Porto Seguro’s Safe Driver Prediction
4.特征工程
上一部分完成了对数据的清洗与分析工作,完成这些准备工作之后,接下来准备进行特征工程。特征工程包括对原始数据特征进行检测、变形、筛选,以及构筑新的可能对建立模型有帮助的特征,是机器学习的重要步骤。
首先,读入必要的数据与模块:
import pandas as pd
import numpy as np
test = pd.read_csv('D:\\CZM\\Kaggle\\FinalWork\\train_after_EDA.csv')
train = pd.read_csv('D:\\CZM\\Kaggle\\FinalWork\\test_after_EDA.csv')
len_train = len(train)
len_test = len(test)
4.1 基于缺失值的特征工程
在对缺失值进行分析时,我们发现一部分特征的缺失情况之间存在关联,如下图所示:
2.2已经分析过,ps_ind_02_cat与ps_ind_04_cat、ps_car_01_cat;ps_car_07_cat和ps_ind_05_cat;ps_03_cat和ps_05_cat,这三组特征每组内的特征缺失情况彼此之间存在关联。

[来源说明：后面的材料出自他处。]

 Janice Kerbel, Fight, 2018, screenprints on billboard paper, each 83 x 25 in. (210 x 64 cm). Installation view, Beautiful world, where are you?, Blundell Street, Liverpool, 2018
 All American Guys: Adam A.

基于此,尝试构筑以下三个特征:
MissingTotal_1:样本在ps_ind_02_cat、ps_ind_04_cat、ps_car_01_cat这三个特征出现缺失值的个数之和。
MissingTotal_2:样本在ps_car_07_cat和ps_ind_05_cat这两个特征中出现缺失值的个数之和。
MissingTotal_3:样本在ps_car_03_cat和ps_car_05_cat这两个特征中出现缺失值的个数之和。
代码如下:
#基于缺失值构筑特征:
train['MissingTotal_1'] = np.zeros(len_train)

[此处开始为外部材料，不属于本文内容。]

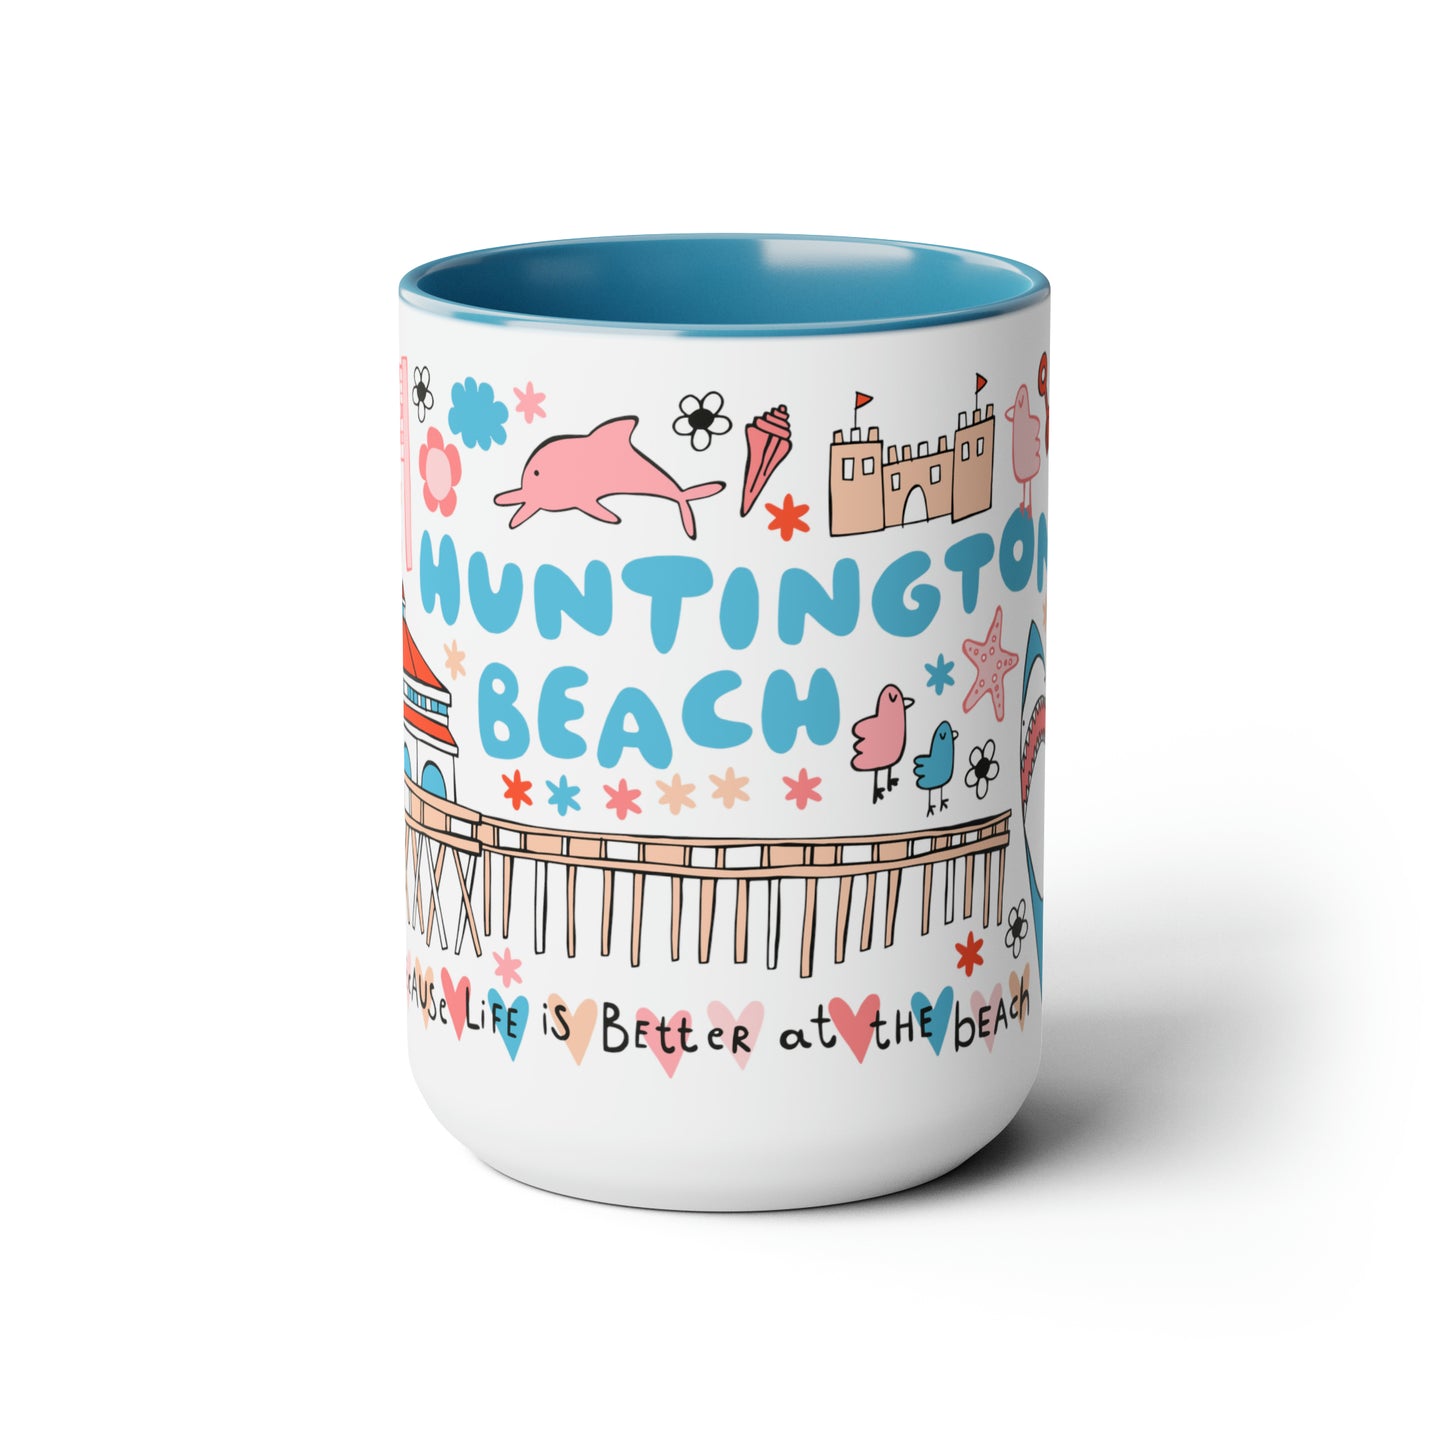 Huntington Beach - *BIG* Coffee Mug (15oz, blue)

train['MissingTotal_2'] = np.zeros(len_train)
train['MissingTotal_3'] = np.zeros(len_train)
##MissingTotal_1:ps_ind_02_cat、ps_ind_04_cat、ps_ind_04_cat
train['MissingTotal_1'][train.ps_ind_02_cat==-1] += 1
train['MissingTotal_1'][train.ps_ind_04_cat==-1] += 1
train['MissingTotal_1'][train.ps_car_01_cat==-1] += 1
##MissingTotal_2:ps_car_07_cat和ps_ind_05_cat
train['MissingTotal_2'][train.ps_car_07_cat==-1] += 1
train['MissingTotal_2'][train.ps_ind_05_cat==-1] += 1
##MissingTotal_3:ps_car_03_cat和ps_car_05_cat
train['MissingTotal_3'][train.ps_car_03_cat==-1] += 1
train['MissingTotal_3'][train.ps_car_05_cat==-1] += 1
##对测试集进行相同的处理:
test['MissingTotal_1'] = np.zeros(len_test)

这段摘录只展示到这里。